Data sources and study period
Clinical SARS-CoV-2 laboratory testing and data management
In South Africa public and private laboratories were legally mandated to report all SARS-CoV-2 test results and patient data including residential address via the National Institute for Communicable Diseases (NICD). These data had been geocoded by NICD as part of outbreak response activities and all cases geocoded to Gauteng were extracted. Following ethics review and written approval for this study, anonymised and deidentified geocoded data for positive and negative SARS-CoV-2 PCR test results were supplied for the study period (1 June 2021 (epidemiological week 22 of 2021) to 18 March 2022 (epidemiological week 11 of 2022)) and the data was obtained on 23 May 2023.
Wastewater SARS-CoV-2 laboratory testing and data management
Routine SARS-CoV-2 wastewater surveillance data (obtained from laboratory processing of one litre grab-samples collected weekly as previously described[9]) from wastewater treatment plant (WWTP) ‘D’ and ‘O’ were identified for the study period. We obtained wastewater flow rates (in ML per day) from WWTP managers.
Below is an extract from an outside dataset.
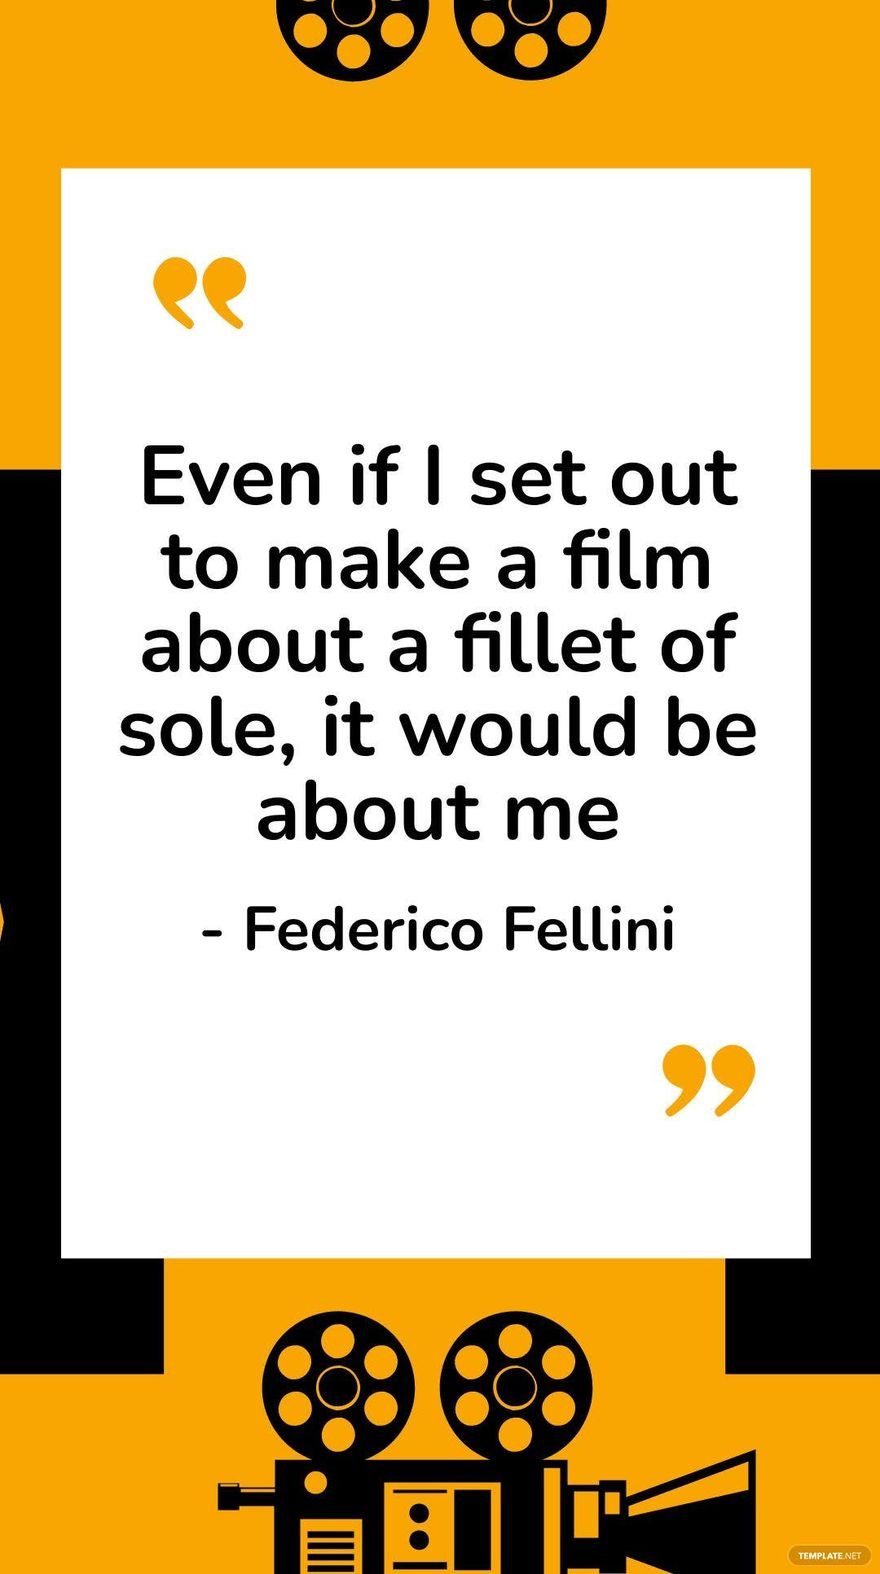 Free Federico Fellini - Even if I set out to make a film about a fillet of sole, it would be about me in JPG

Quality of life survey-data
The Quality of Life (QoL) survey is a biennial household survey produced by the Gauteng City-Region Observatory (GCRO) which covers a range of topics including demographics, access to services and perceptions of residents. The survey is weighted to ensure representativity to ward level, a geopolitical division of municipalities, developed by the Municipal Demarcation Board and the smallest unit for which demographic and socioeconomic data are provided in South Africa. We obtained data from the 2020/21 (QoL6) survey (n=13,616 respondents) pertaining to 207 and 781 respondents from sewersheds D and O respectively[20].
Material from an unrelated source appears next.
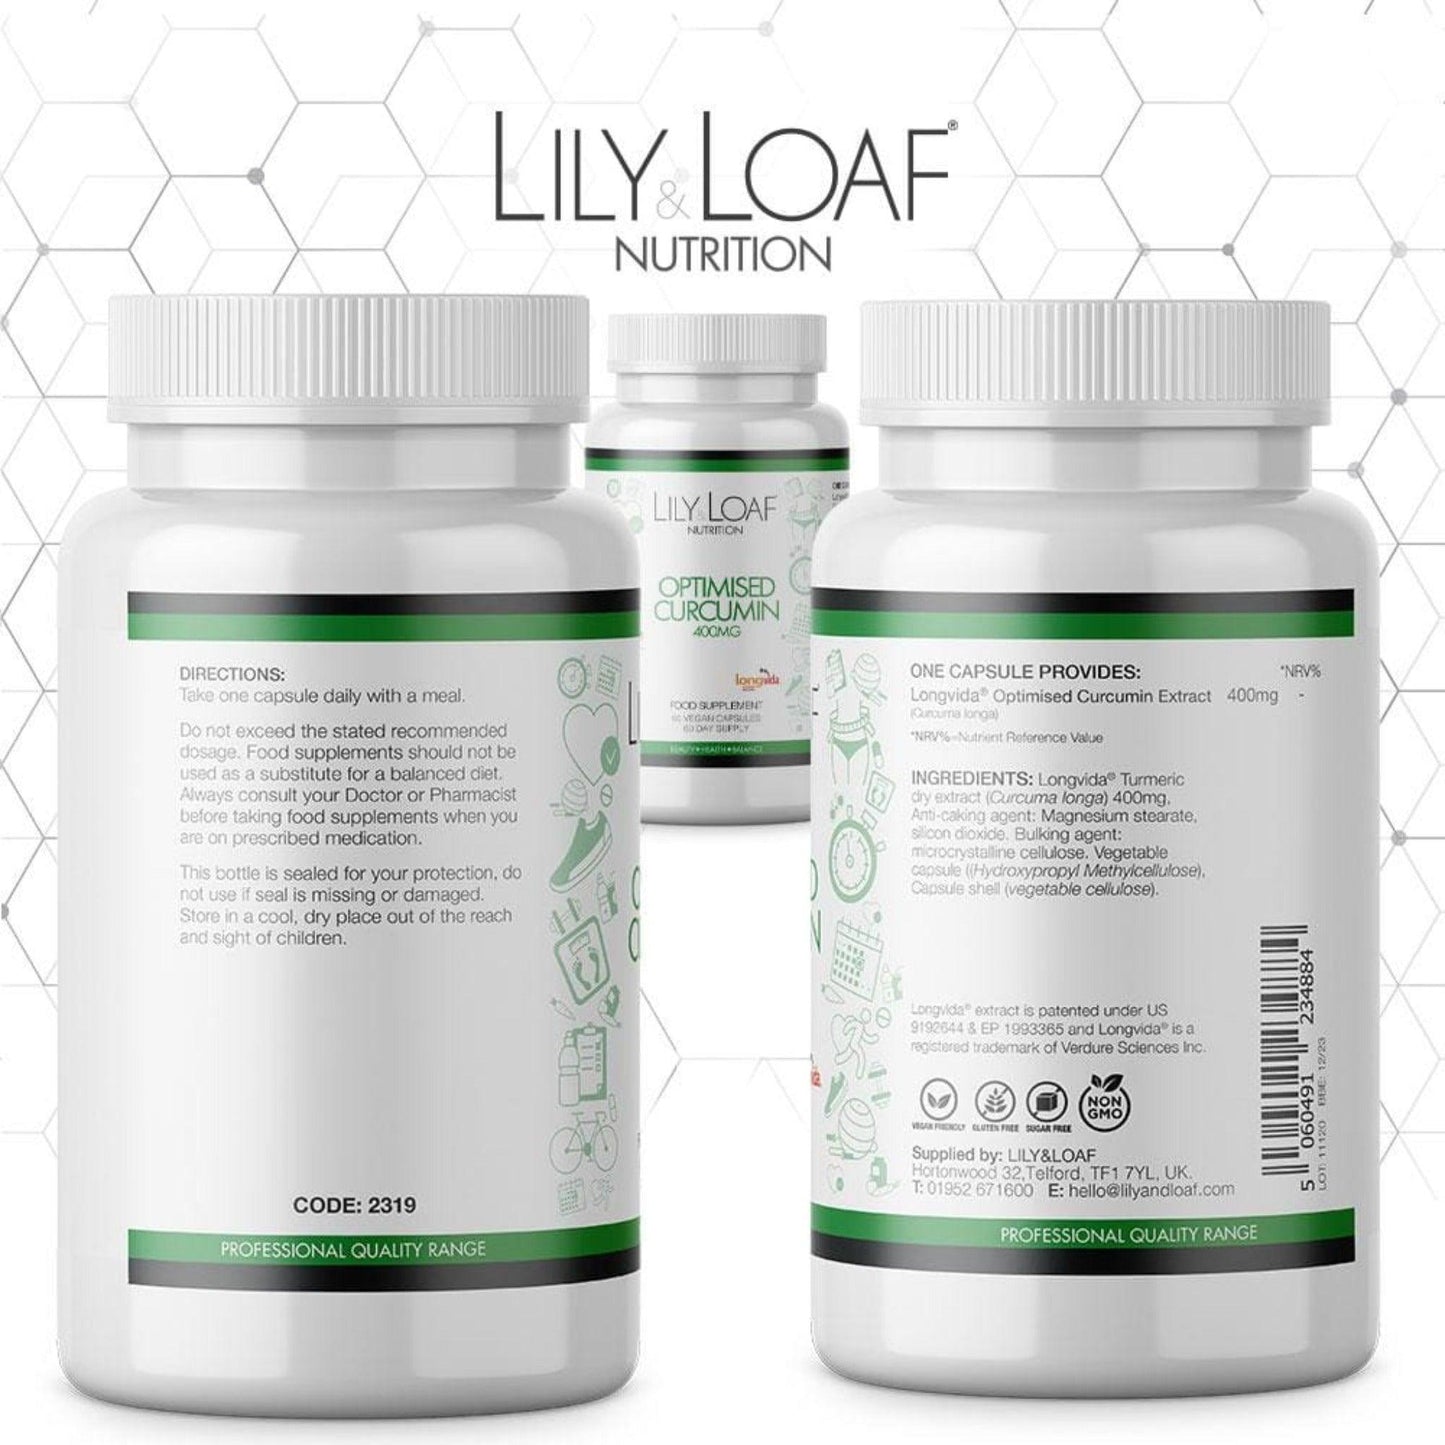 White bottle of Lily & Loaf Optimised Curcumin supplement, containing 60 vegan capsules for a 60-day supply, featuring Longvida technology.

Maps of sewershed reticulation methods
Data for the sewage networks and pipelines were obtained from the City of Tshwane and the City of Ekurhuleni, respectively. The City of Tshwane provided a comprehensive dataset including sewershed areas, manholes, and distribution pipelines. The City of Ekurhuleni consulting engineers provided shapefiles of the sewershed. ArcGIS 10.6.2 software was used for all mapping and spatial analysis.
GTI hexagon data for population demographics
Population demographic variables were extracted from a 2020/2021 dataset compiled by GeoTerraImage (GTI) comprising population estimates grouped by age cohorts in 400m sided hexagon (0.103755 km2).
Data synthesis and analysis
General approach
We overlaid sewershed shape files, hexagonal population data, geolocated SARS-CoV-2 cases and geolocated QoL respondents in order to create a dataset comprising these elements for sewersheds D and O. To minimise the effect of the Modifiable Area Unit Problem (MAUP) that is encountered when polygon values require changing because of a change in the shape (zoning effect) or overall area (size effect) of the polygon, we scrutinised our datasets to determine the most viable polygon layer for all spatial datasets to allow for aggregation and comparability without disaggregation of polygon data. Ultimately we manipulated all data to the ward level allowing for comparative analysis over space and time. We conducted these analyses using SPSS software version 29.0.2.0 (20).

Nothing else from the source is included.